Observability
What this module does
With 40+ agencies running on 80+ Elastic Beanstalk instances, knowing what is happening at runtime is critical. This module covers:
- Structured JSON logging to CloudWatch
- Per-request SQL query metrics
- AWS X-Ray distributed tracing
- PostHog product analytics
- Error deduplication and tracking
Key files
Directoryorchid/
Directoryutils/
- logging_config.py 9 KB — structured JSON logging, CloudWatch, circuit breaker
- metrics_middleware.py 5 KB — request metrics collection
- query_metrics.py 7 KB — per-request SQL query counting and timing
- xray_config.py 3 KB — AWS X-Ray distributed tracing
- posthog_config.py 8 KB — PostHog product analytics
- external_api_metrics.py 8 KB — external API call tracking
- cron_metrics.py 9 KB — cron job performance metrics
- pool_metrics.py 4 KB — DB connection pool metrics
- sqldebug.py 7 KB — SQL debugging helper
Directorymodels/
- __init__.py Errors, ErrAPI, Err400 — error deduplication models
Structured logging
All logs are emitted as structured JSON using the configuration in orchid/utils/logging_config.py. Log records include:
{ "level": "INFO", "timestamp": "2025-05-29T14:32:01Z", "request_id": "550e8400-e29b-41d4-a716-446655440000", "message": "Request completed", "status": 200, "duration_ms": 142, "query_count": 7, "query_total_ms": 38, "endpoint": "admin_views.case_detail", "user_type": "admin"}Logs are shipped to CloudWatch via the watchtower library.
The circuit breaker
The CloudWatch logger has a circuit breaker to prevent CloudWatch failures from taking down the app:
- After 3 consecutive CloudWatch failures, the circuit trips
- All CloudWatch logging is suspended for 60 seconds
- After the cooldown, the circuit resets and CloudWatch logging resumes
Request correlation — X-Request-ID
Every request gets a unique UUID4 assigned in before_request:
g.request_id = str(uuid.uuid4())This ID is:
- Logged with every log entry for this request
- Returned in the
X-Request-IDresponse header
When a user reports an error, ask them for the value of X-Request-ID from their browser’s network tab. Use that ID to find all related logs in CloudWatch.
Per-request SQL metrics
orchid/utils/query_metrics.py tracks SQL queries for each request:
g.query_count— how many queries ran during this requestg.query_total_ms— total time spent in database queries
These are logged in after_request as part of the structured request log. If a page is slow, this tells you immediately whether the bottleneck is in Python or in the database.
You can also view query details at the debug page templates/debug_queries.html (admin-only, local dev).
AWS X-Ray
orchid/utils/xray_config.py configures AWS X-Ray distributed tracing. X-Ray provides:
- Request latency breakdown (Python processing vs.
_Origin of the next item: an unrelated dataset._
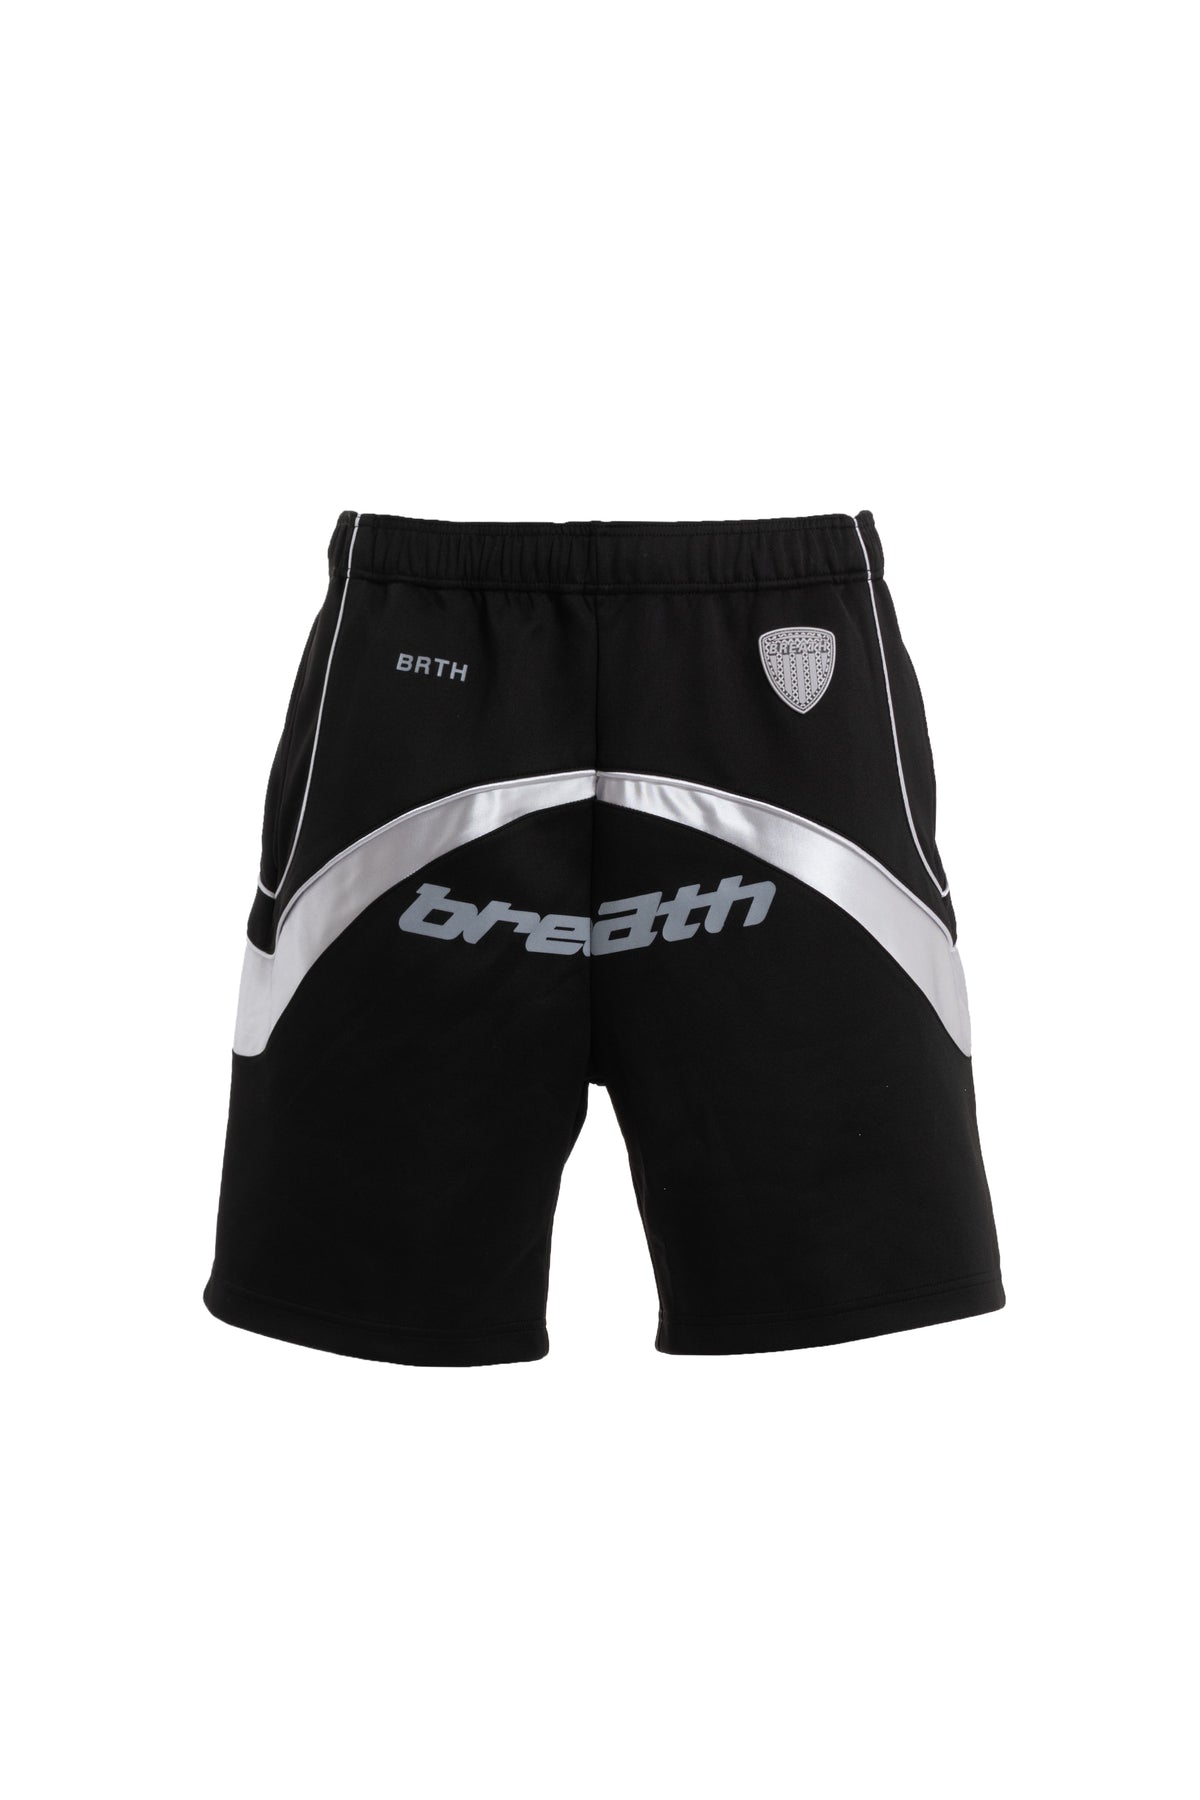 GAME SHORTS / BLK

DB vs. external API)
- Service map showing how components interact
- Trace IDs for correlating across services
X-Ray is active in production. In local mode, X-Ray tracing is a no-op.
PostHog analytics
orchid/utils/posthog_config.py configures PostHog for product analytics. PostHog captures:
- Page view events (fired in
after_request) - Custom product events (feature usage, key actions)
PostHog is for Orchid’s product team to understand usage patterns. It is not for agency-level operational reporting (use the Reports module for that).
Error tracking models
orchid/models/__init__.py defines three error tables with content-based deduplication:
| Model | Used for |
|---|---|
Errors | General application errors |
ErrAPI | API-specific errors |
Err400 | HTTP 400-series errors |
Content-based deduplication: The add_error() function computes a hash of the error message. If that hash already exists in the table, no new record is created. This prevents high-volume errors from flooding the table.
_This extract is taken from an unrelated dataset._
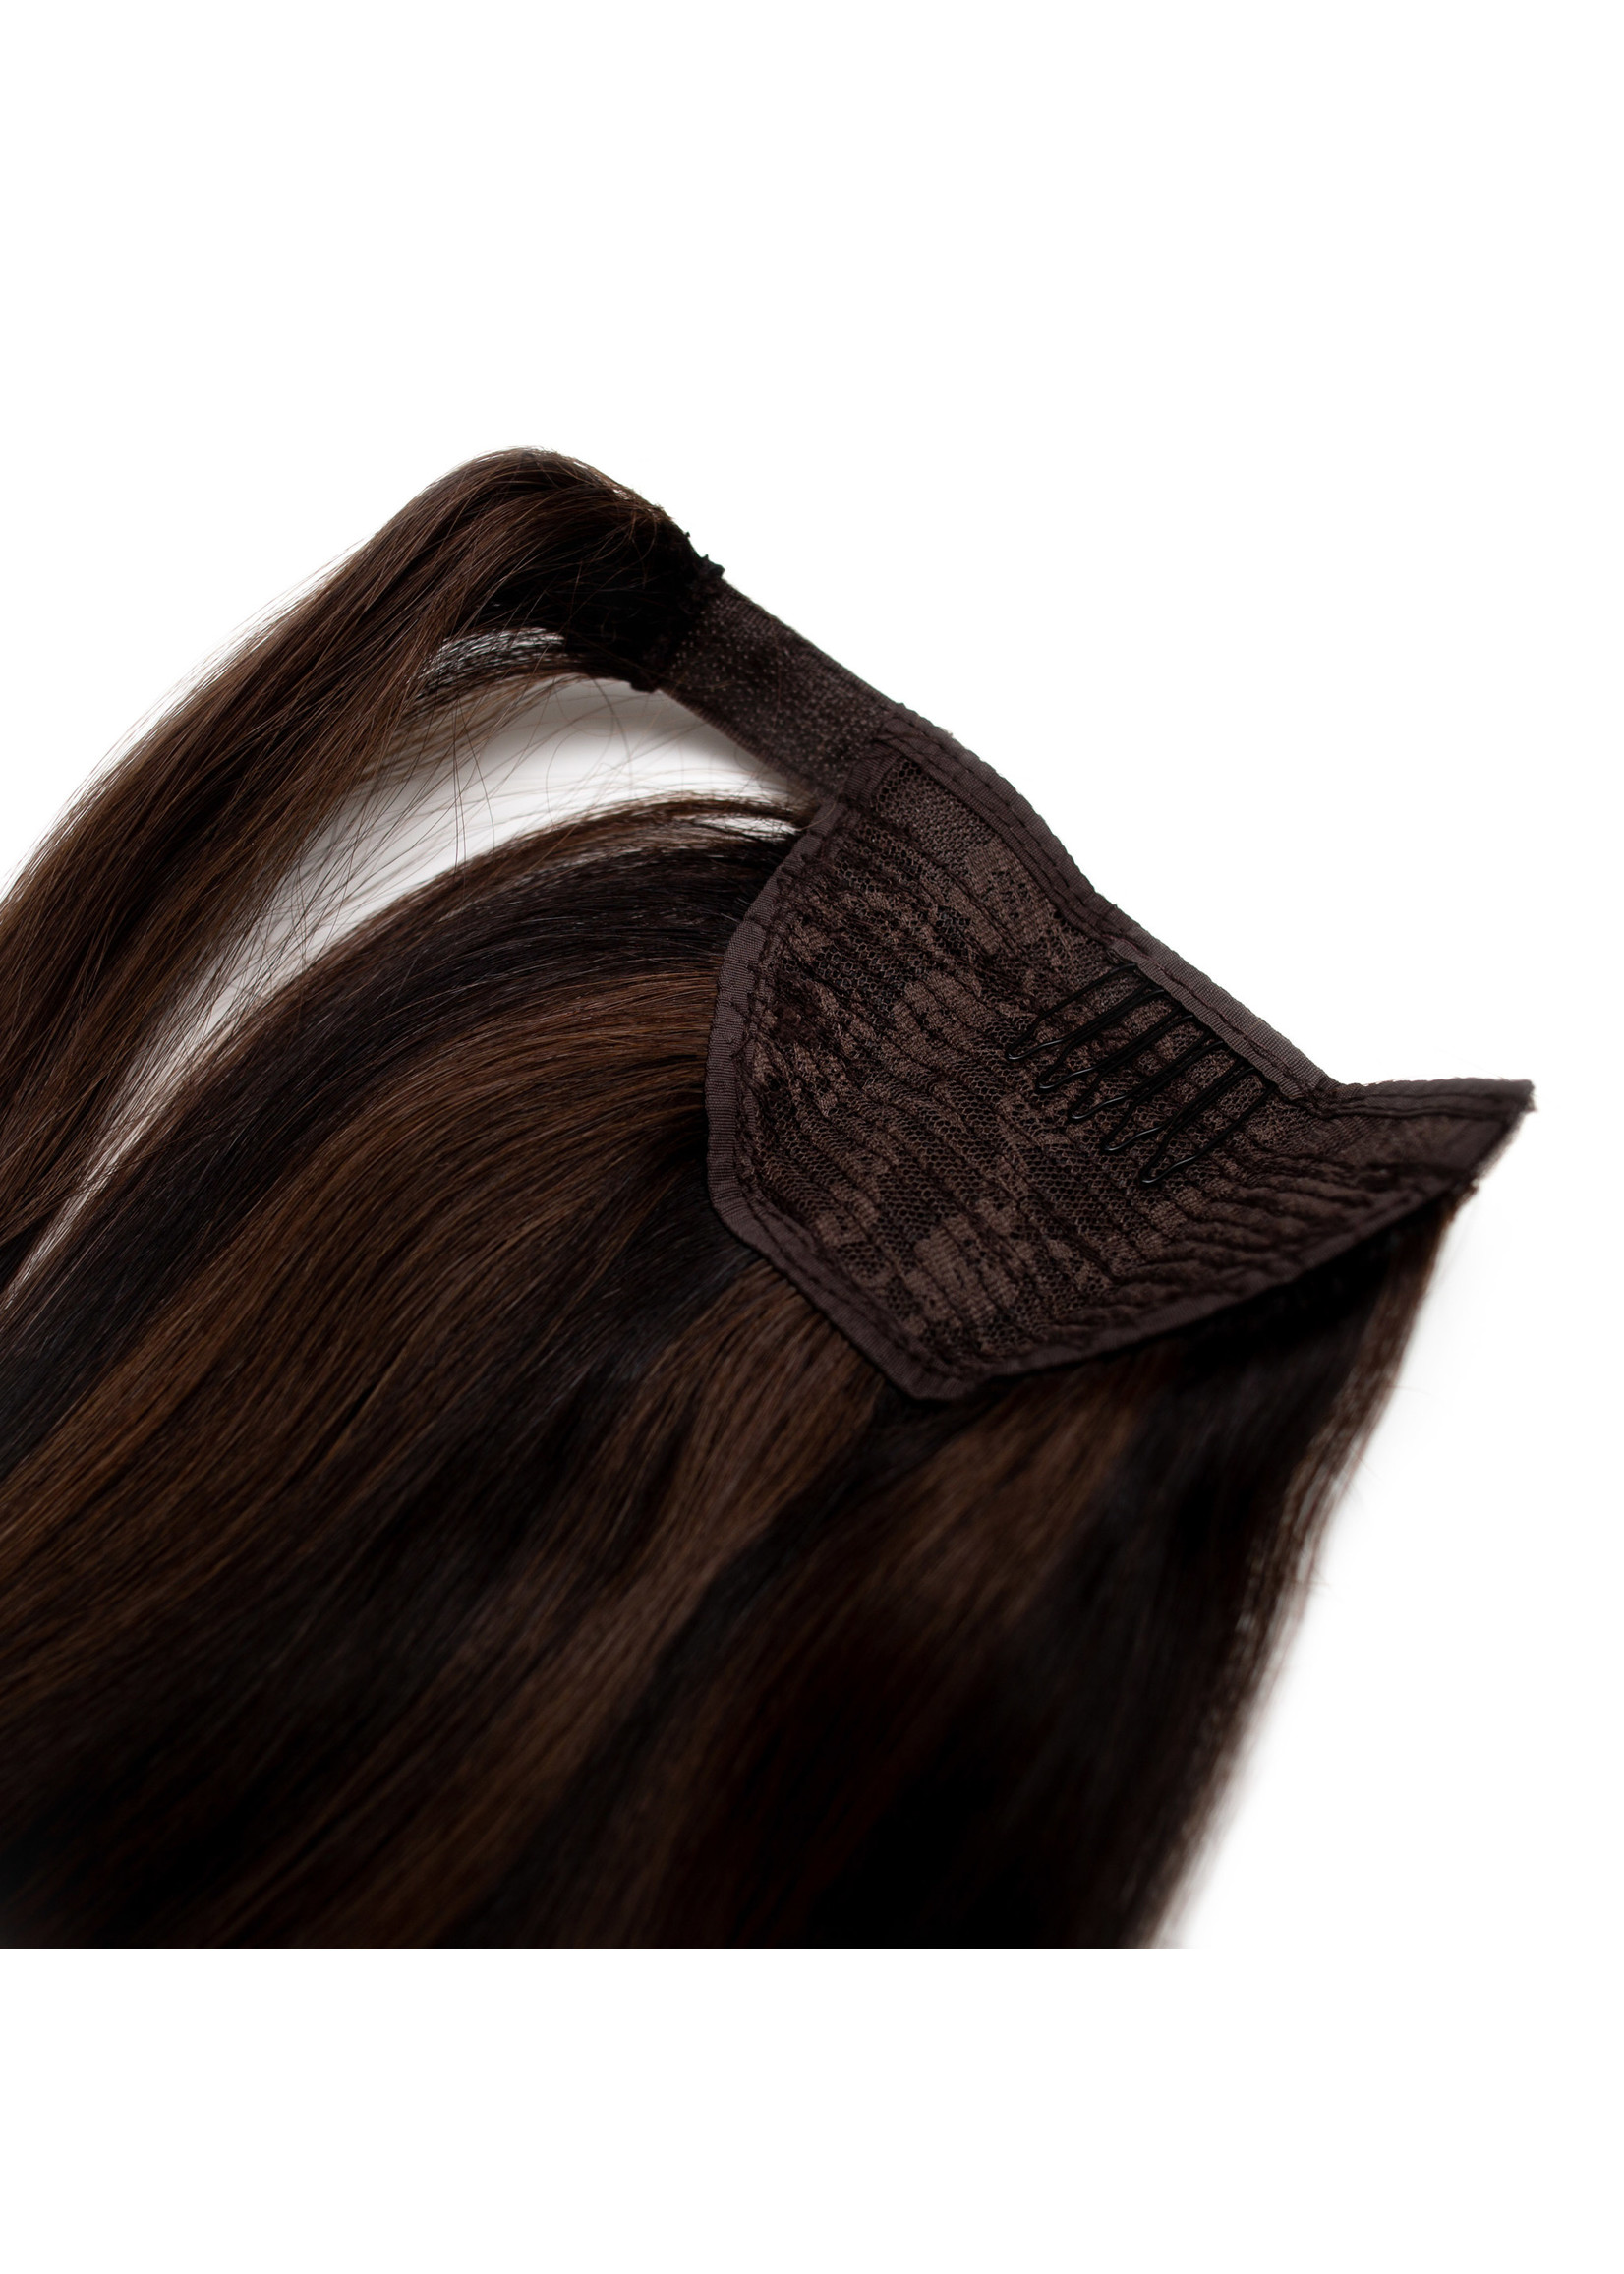 Seamless1 Seamless1 Ponytail Human Hair Extension 21.5 Inches - Ritzy Blend Piano

# Use this instead of just logging:from orchid.models import add_erroradd_error(exc, action='some_operation', user=g.admin)External API metrics
orchid/utils/external_api_metrics.py tracks calls to external services (SendGrid, HelloSign, Gmail API, etc.) including:
- Latency per call
- Success/failure rates
- Error types
This helps diagnose whether a slowness problem is in Orchid’s code or in a third-party API.